SOURCE MATERIAL:
::::::

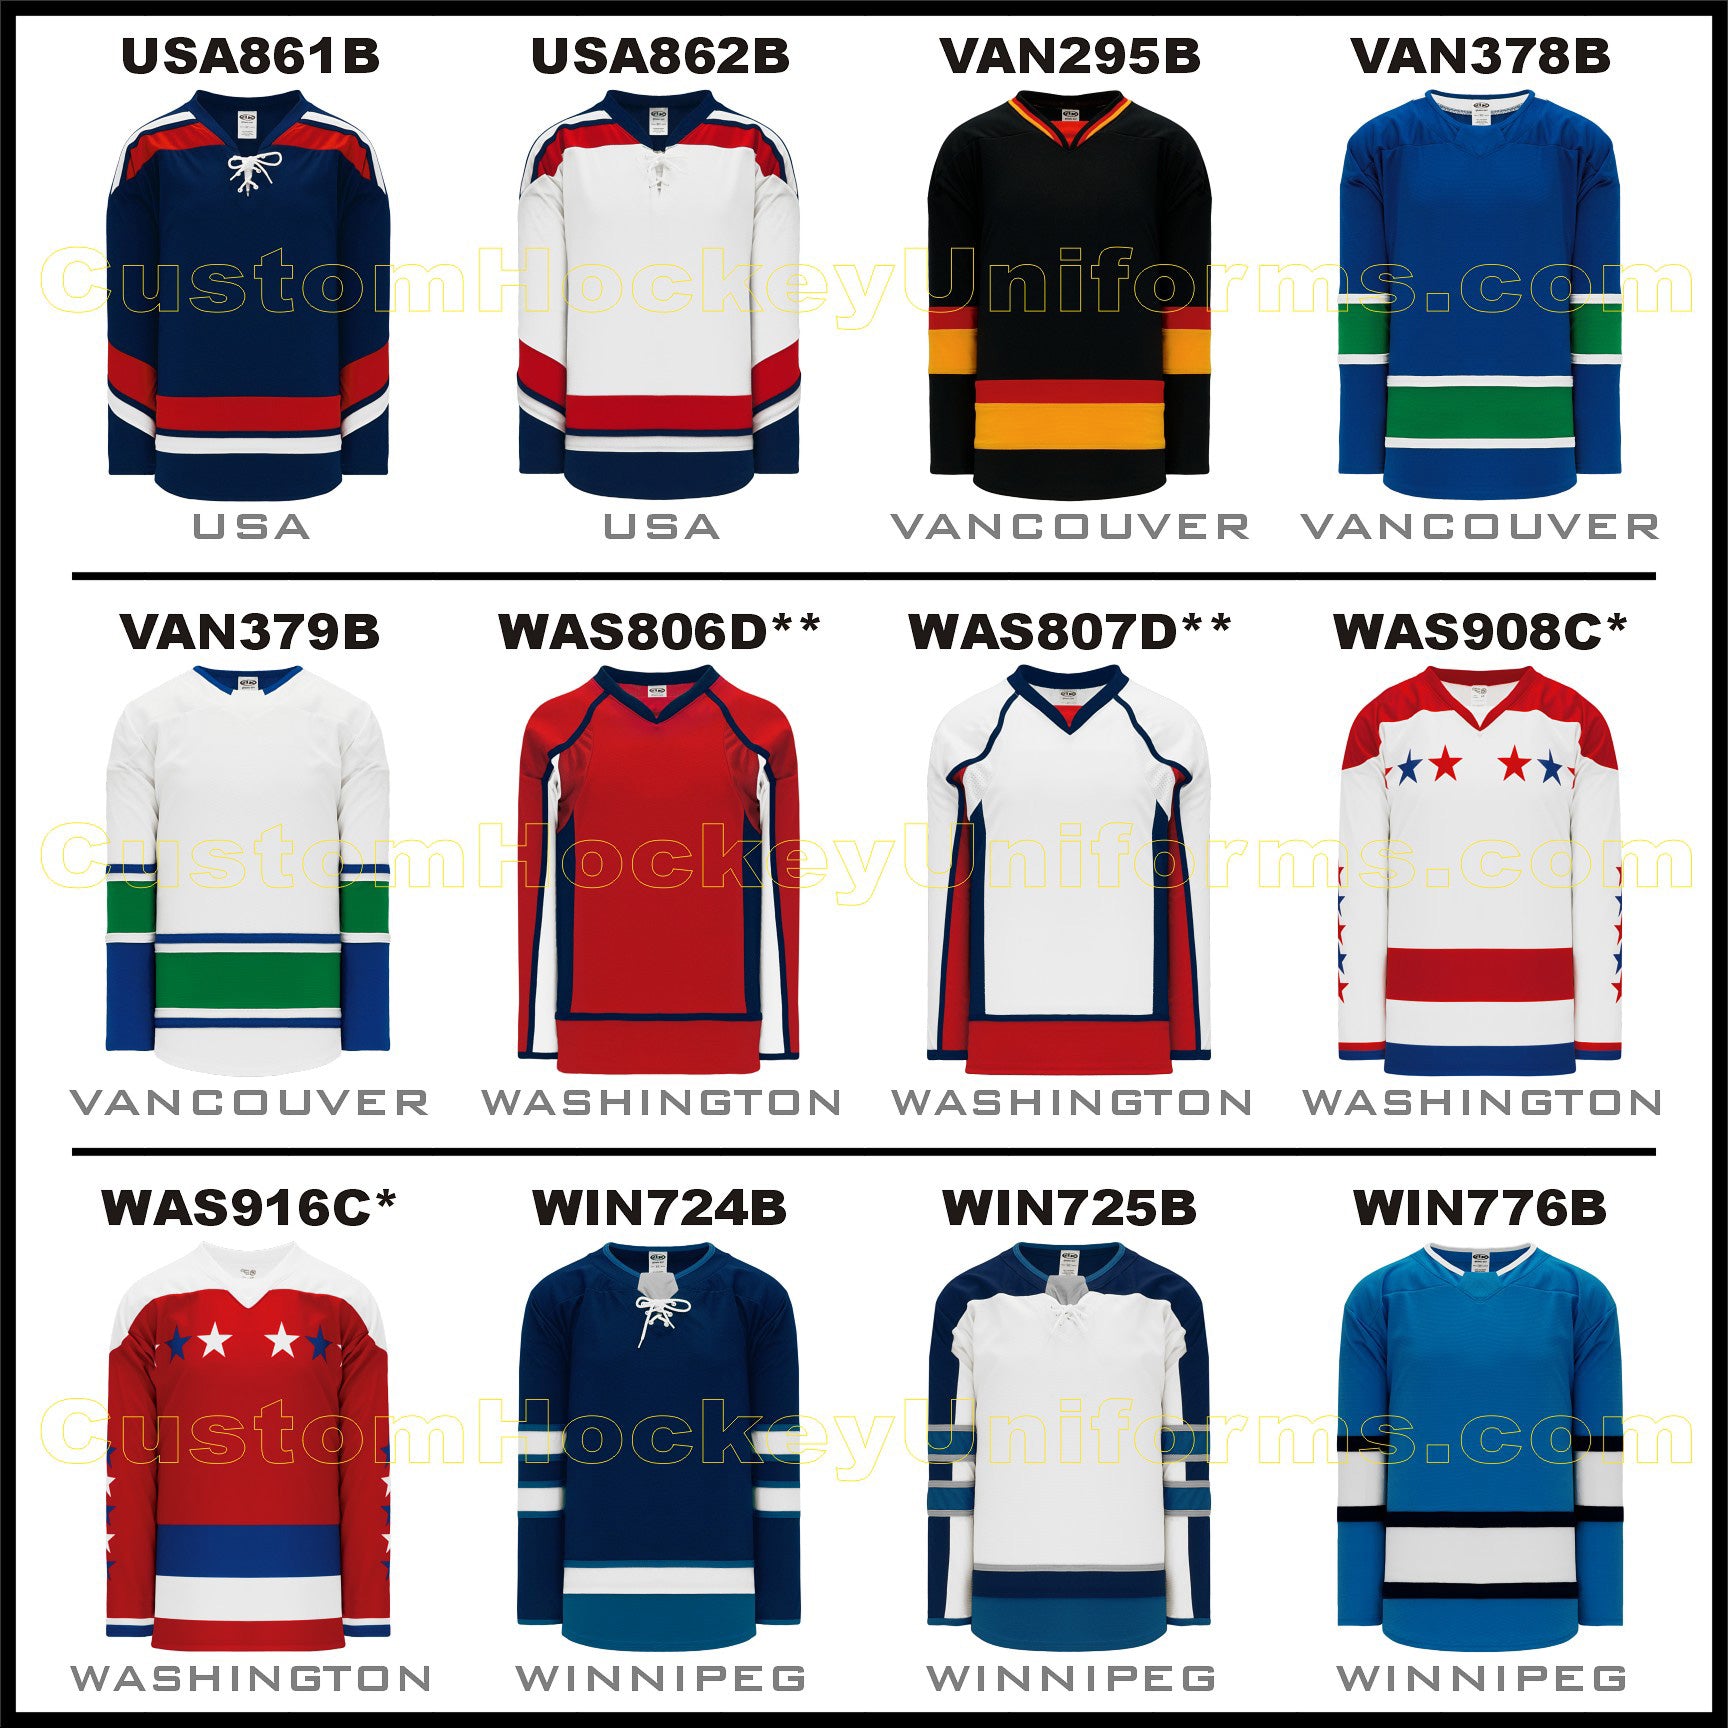 Custom Hockey Jerseys In Chicago: Jerseys For Any Level
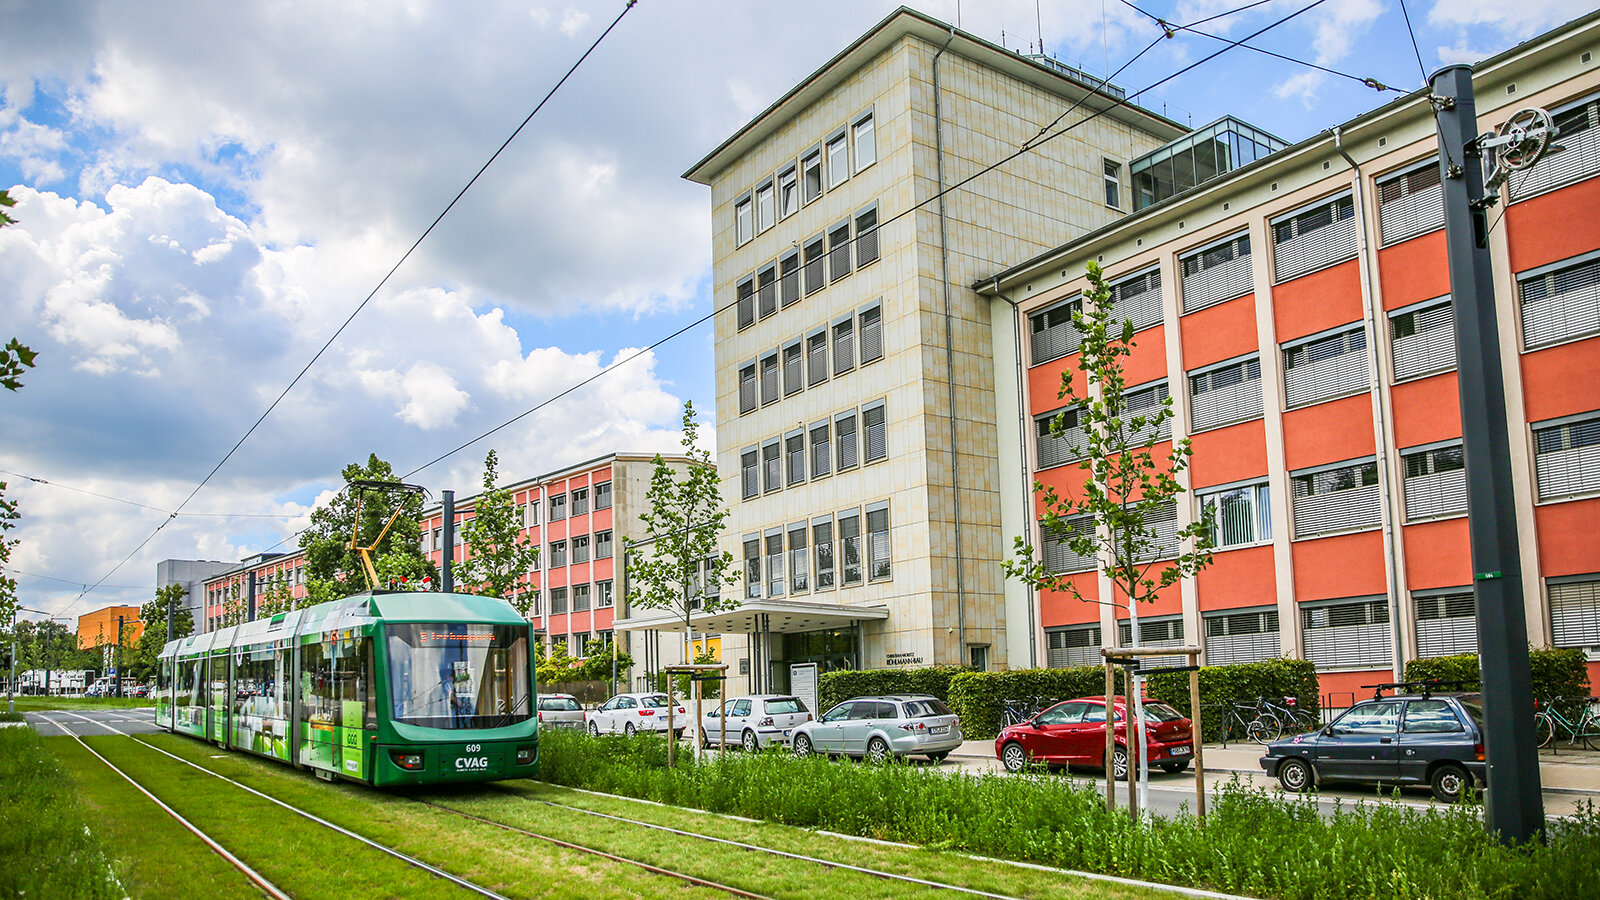 Eine Straßenbahn fährt vor einer Gebäudefront entlang.
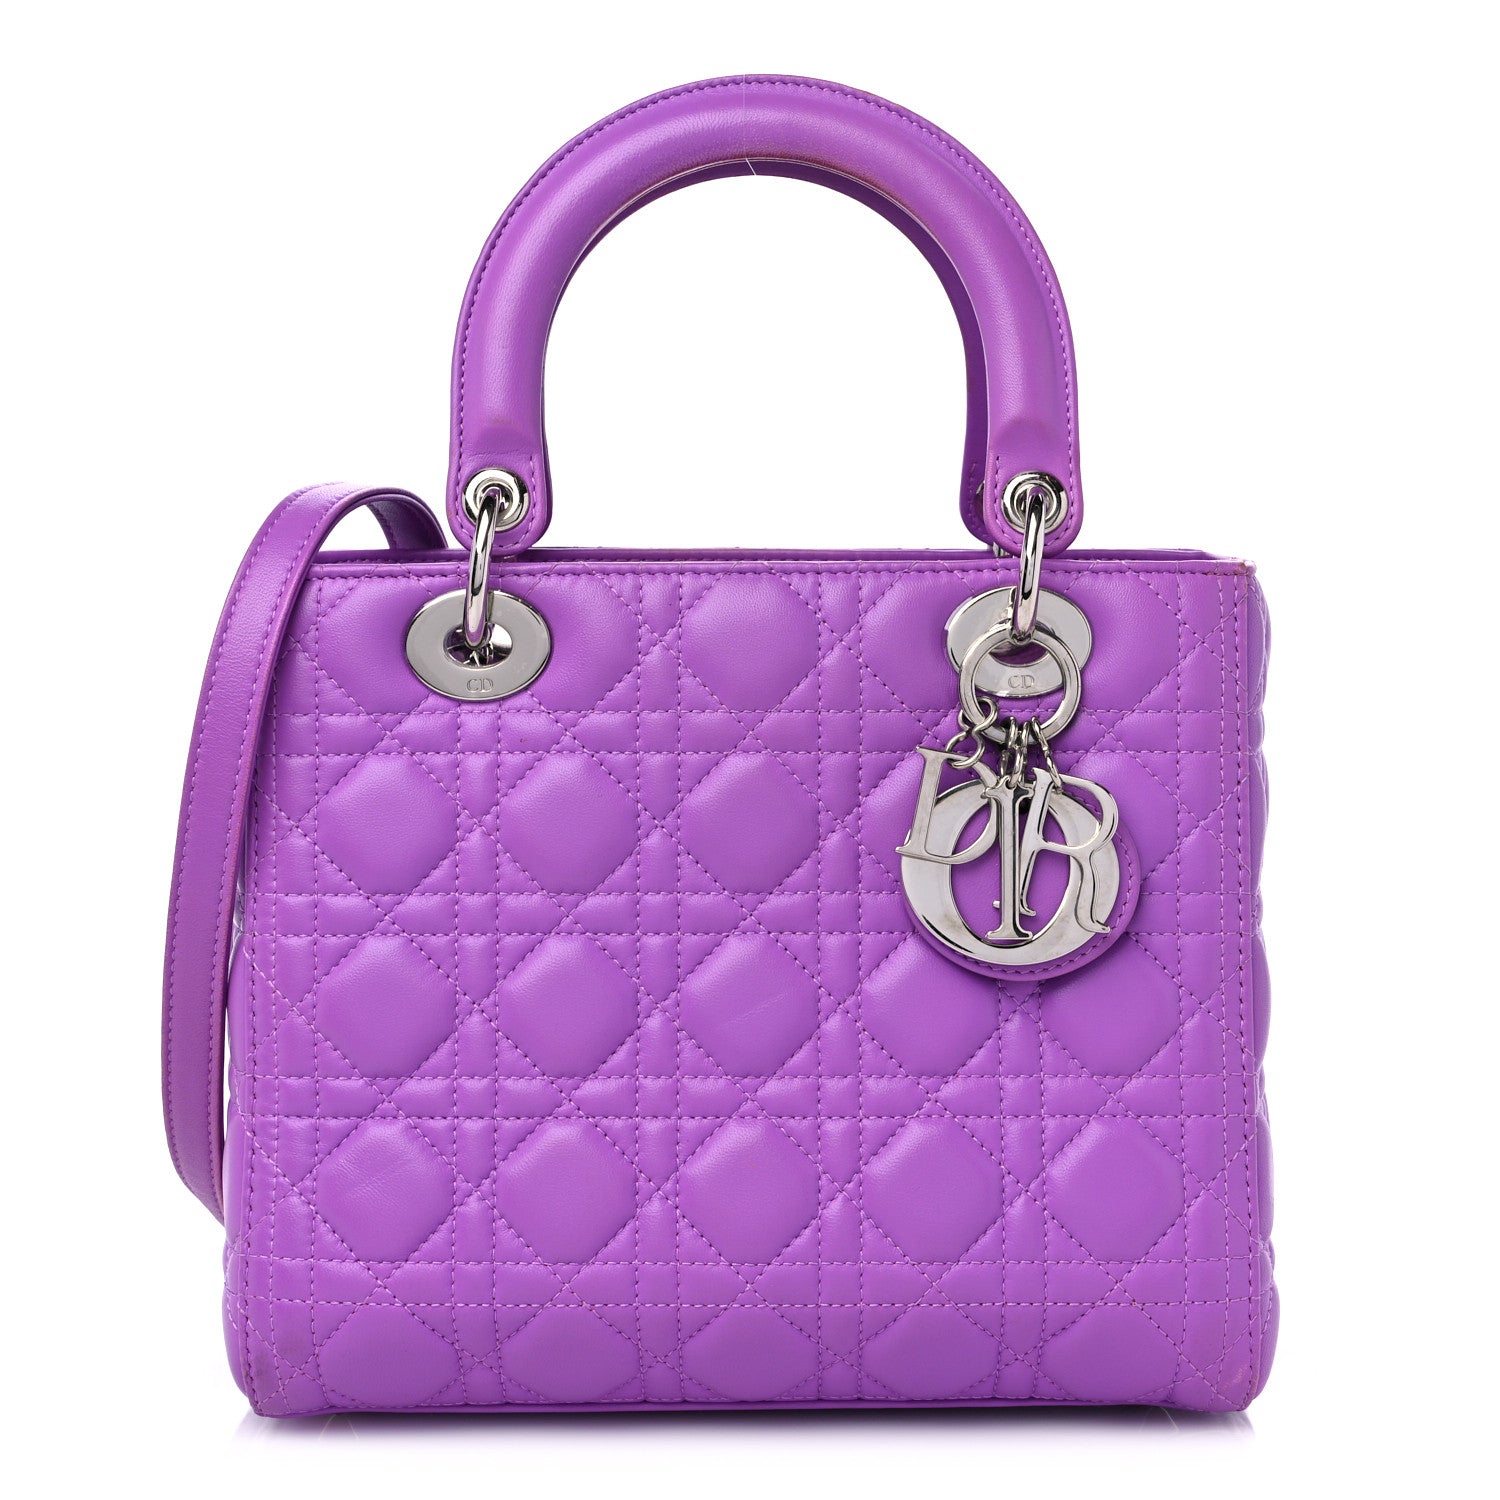 Quanto costa la borsa di Lady Dior
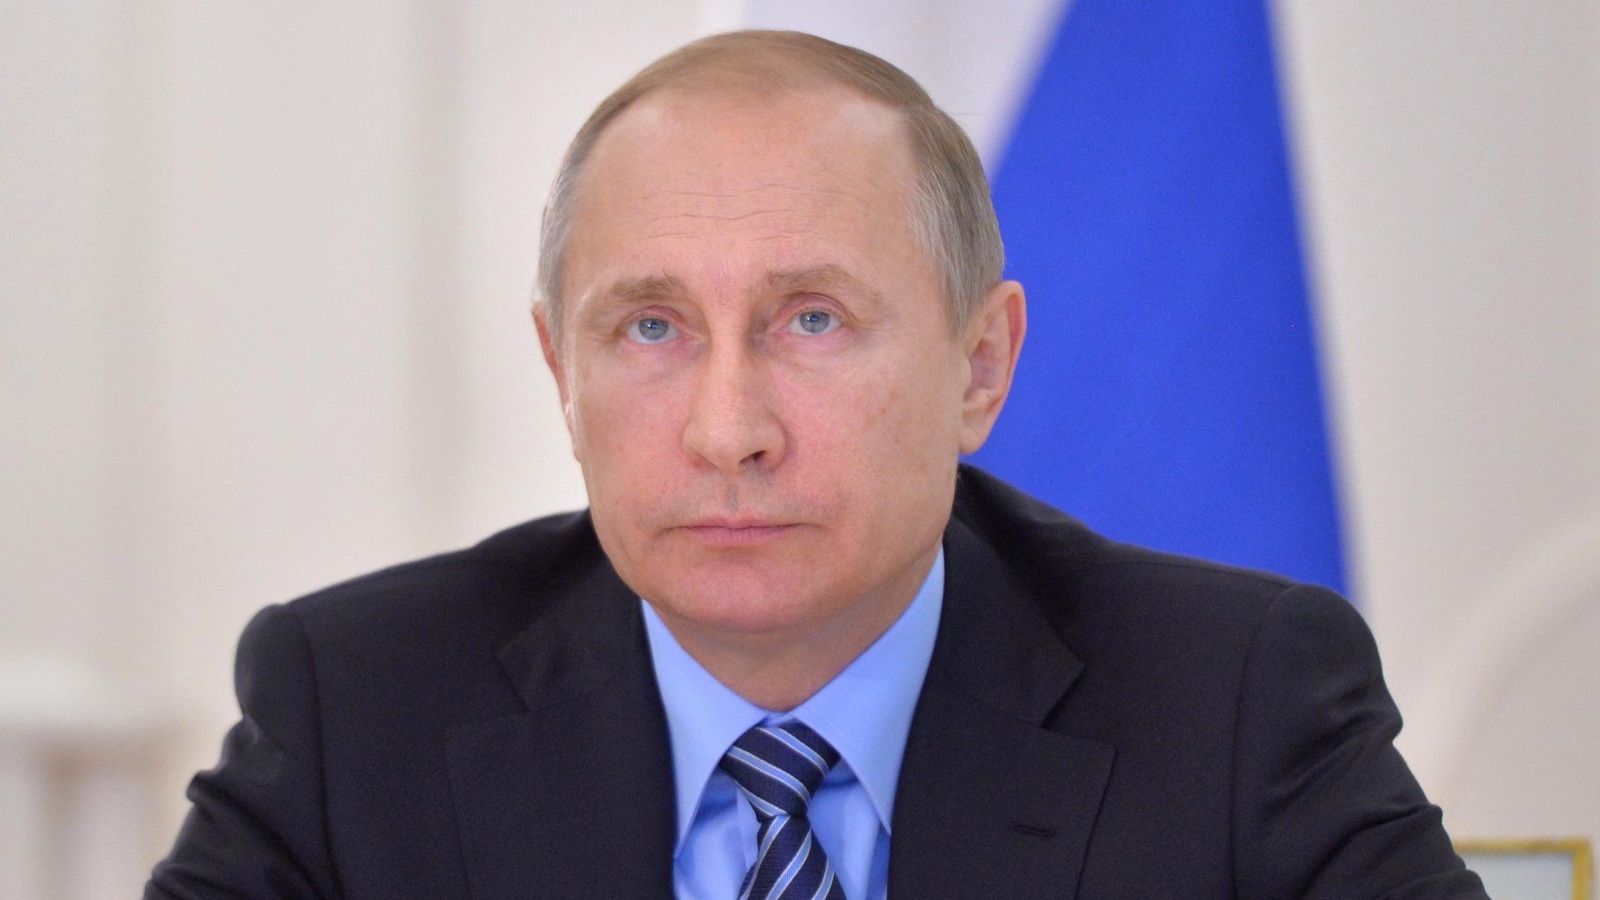 الرئيس الروسي فلاديمير بوتين راهن على دور الشركات العملاقة في السياسة (الأوروبية)

::::::

YOUR GOAL: What you return should be the whole listing, word for word, without its pictures.

ANSWER TO THIS PROBLEM:
 Custom Hockey Jerseys In Chicago: Jerseys For Any Level
 Eine Straßenbahn fährt vor einer Gebäudefront entlang.
 Quanto costa la borsa di Lady Dior
 الرئيس الروسي فلاديمير بوتين راهن على دور الشركات العملاقة في السياسة (الأوروبية)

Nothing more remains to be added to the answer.